To find a possible formula for the polynomial P(x), we can start by considering its roots.
We are given that P(x) has roots of multiplicity 2 at x = 4 and x = 0, and a root of multiplicity 1 at x = -1. This means that (x - 4) and x are factors of P(x), and (x + 1) is a factor of the derivative of P(x).
Since the leading coefficient of P(x) is 1, we can write the polynomial in factored form as:
P(x) = (x - 4)^2 * x * (x + 1) * Q(x)
where Q(x) is a polynomial of degree 1 or 2 (to fulfill the degree requirement of 5 for P(x)) with a leading coefficient of 1.
Now, we need to determine Q(x). Since P(x) is a polynomial of degree 5, Q(x) must be a quadratic polynomial. Let's assume Q(x) = ax^2 + bx + c, where a, b, and c are constants.
Expanding the factored form of P(x), we have:
P(x) = (x - 4)^2 * x * (x + 1) * (ax^2 + bx + c)
Multiplying this out, we get:
P(x) = a x^5 + (8a - a)x^4 + (14a - 4a + b)x^3 + (-9a + 14b - 4b + c)x^2 + (-4c)x
Equating the coefficients of the corresponding powers of x with zero, we can determine the values of a, b, and c.
For the coefficient of x^5, we have a = 1.
For the coefficient of x^4, we have 8a - a = 0, which gives 7a = 0. Therefore, a = 0.
For the coefficient of x^3, we have 14a - 4a + b = 0, which simplifies to 10a + b = 0. Since a = 0, we have b = 0.
For the coefficient of x^2, we have -9a + 14b - 4b + c = 0, which simplifies to c = 0.
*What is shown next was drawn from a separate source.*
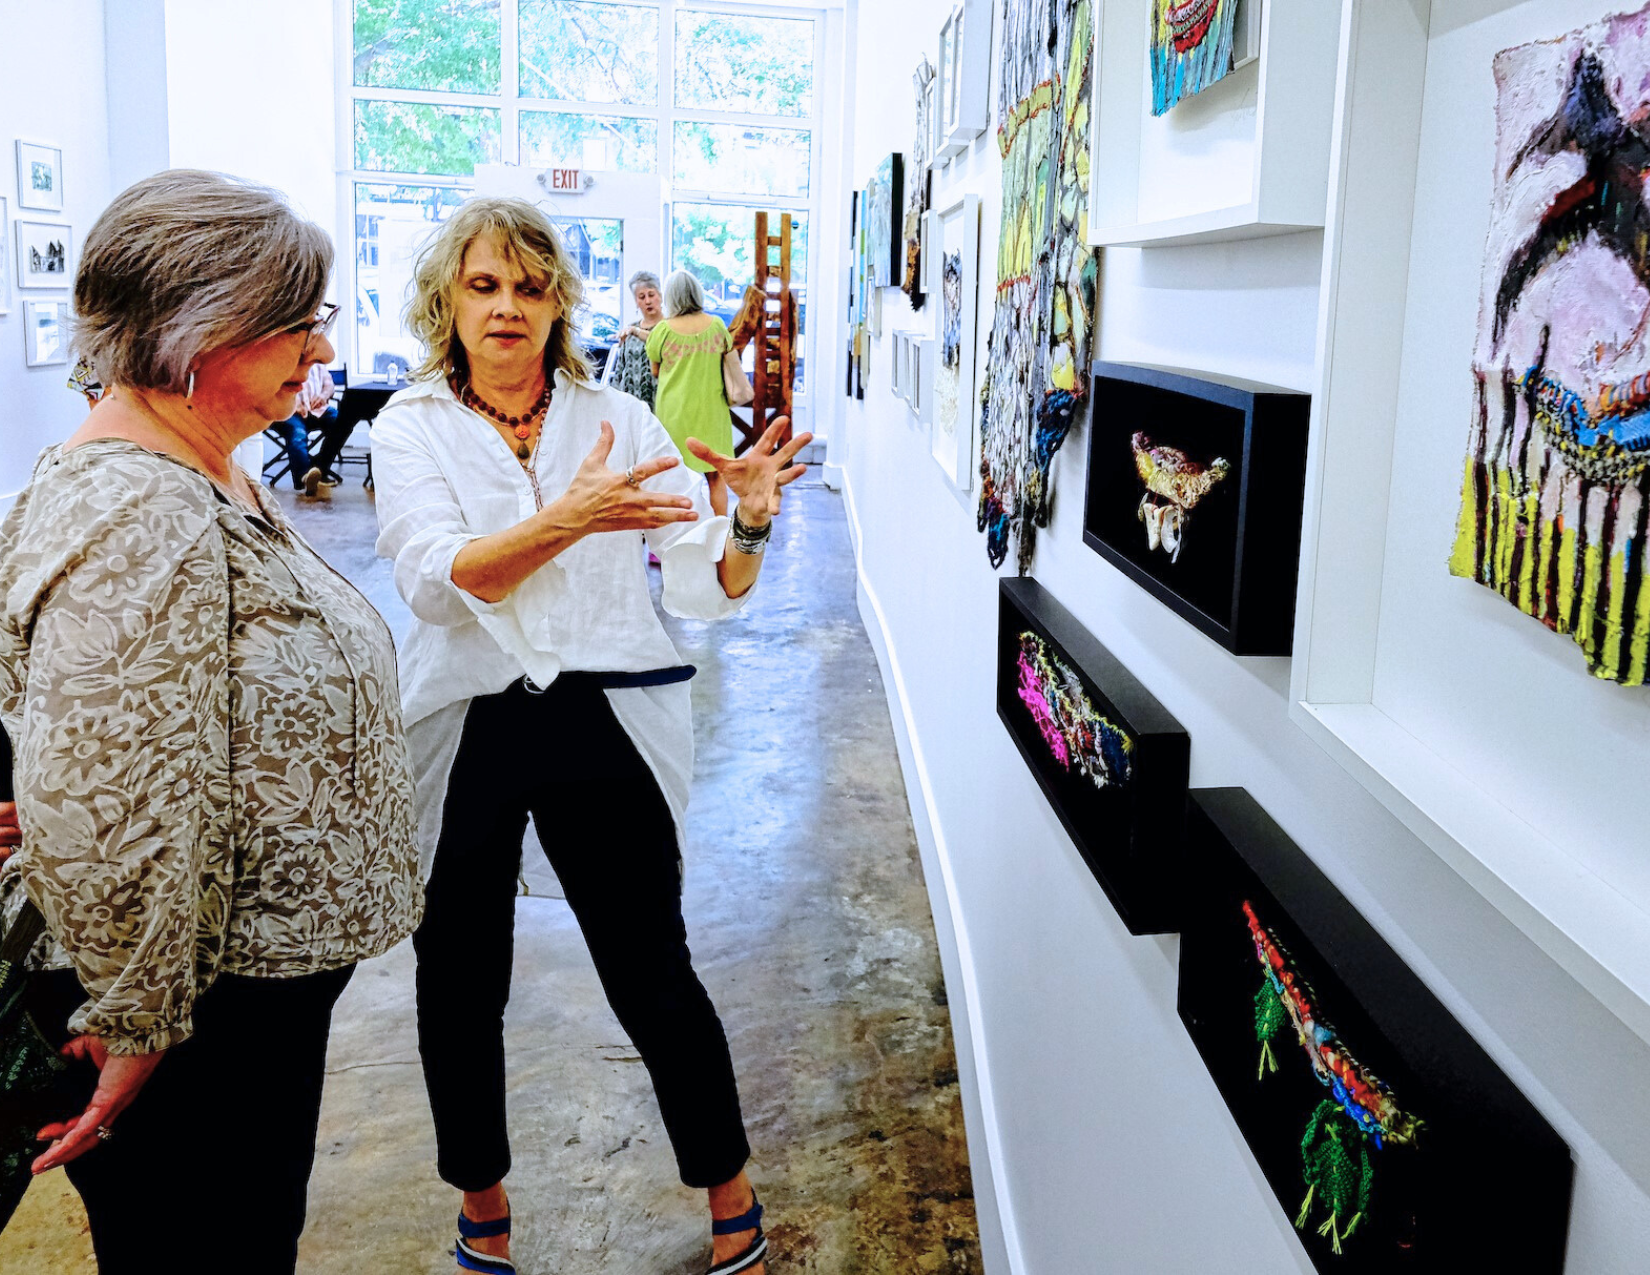 photo of Staci Swider talking to art patron. Staci is a Caucasian woman with short blonde hair. She is wearing a white button down shirt with black skinny jeans.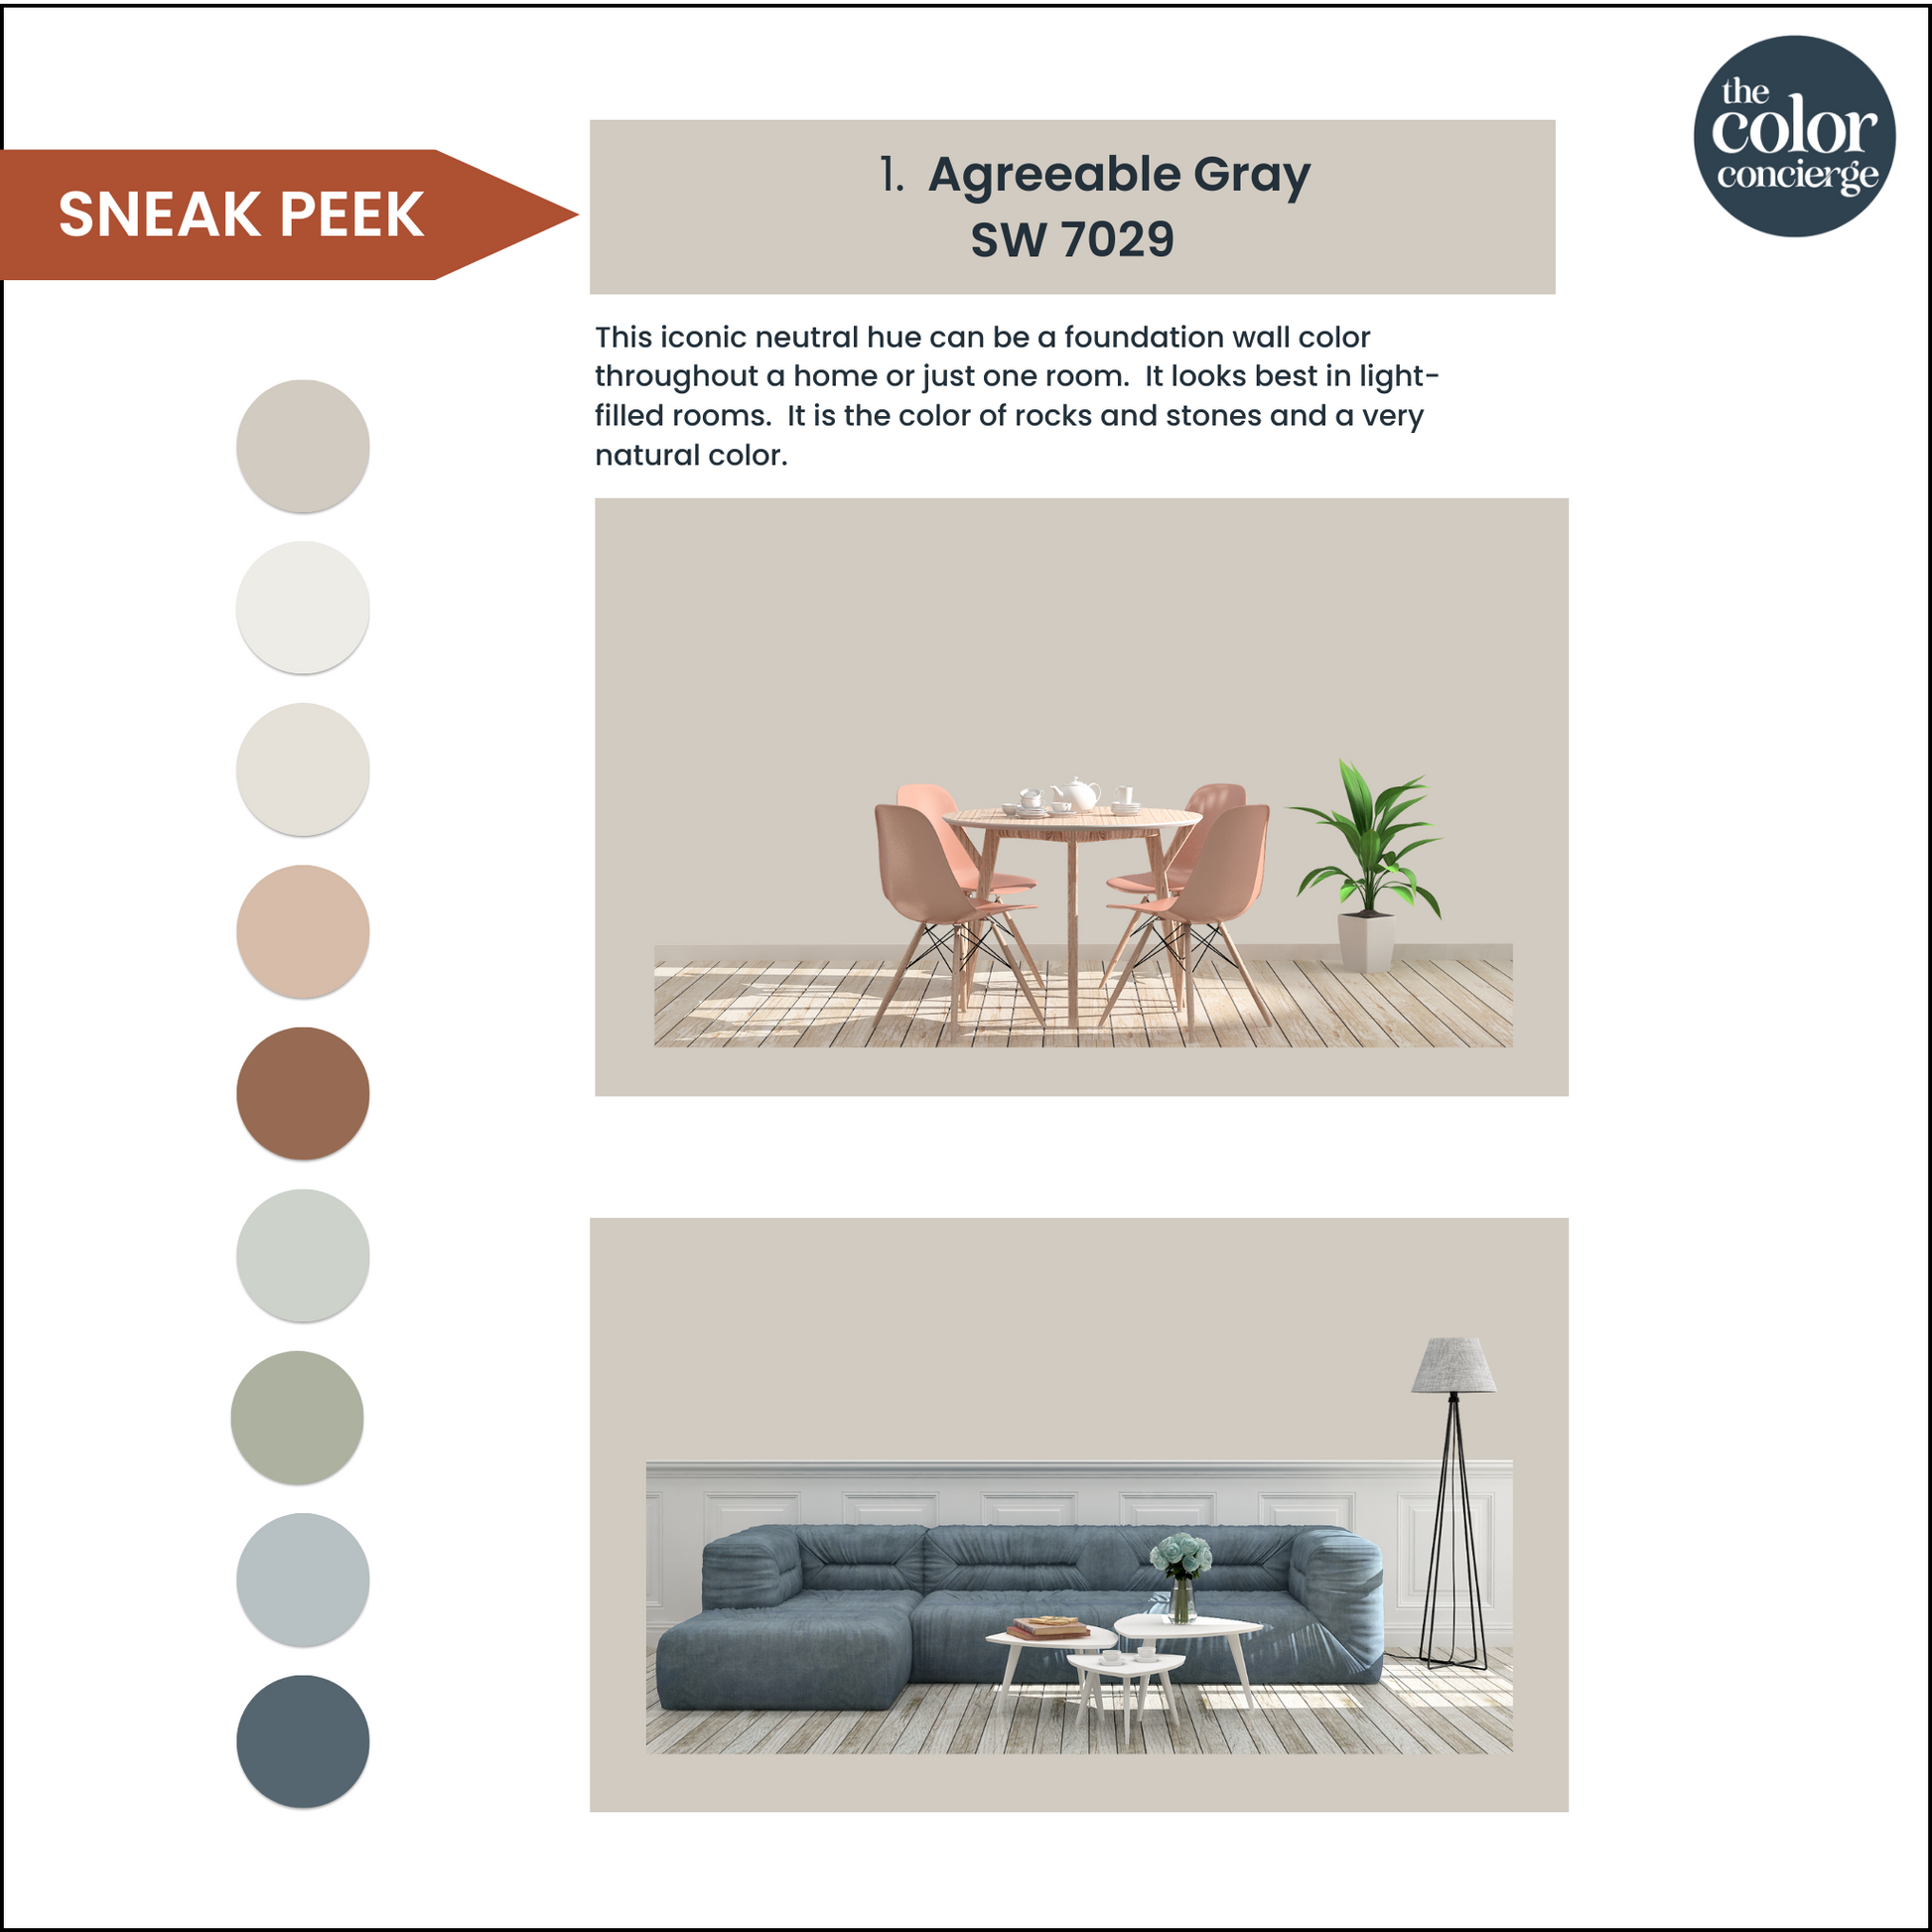 A page showing how to use a Sherwin-Williams Agreeable Gray color palette in your home

For the coefficient of x, we have -4c = 0, which satisfies our assumption that c = 0.
Therefore, we have Q(x) = ax^2 + bx + c = 0x^2 + 0x + 0 = 0.
Substituting these values into the factored form of P(x), we get:
P(x) = (x - 4)^2 * x * (x + 1) * (0)
Finally, simplifying further, we have:
P(x) = (x - 4)^2 * x * (x + 1)
So, a possible formula for P(x) is P(x) = (x - 4)^2 * x * (x + 1).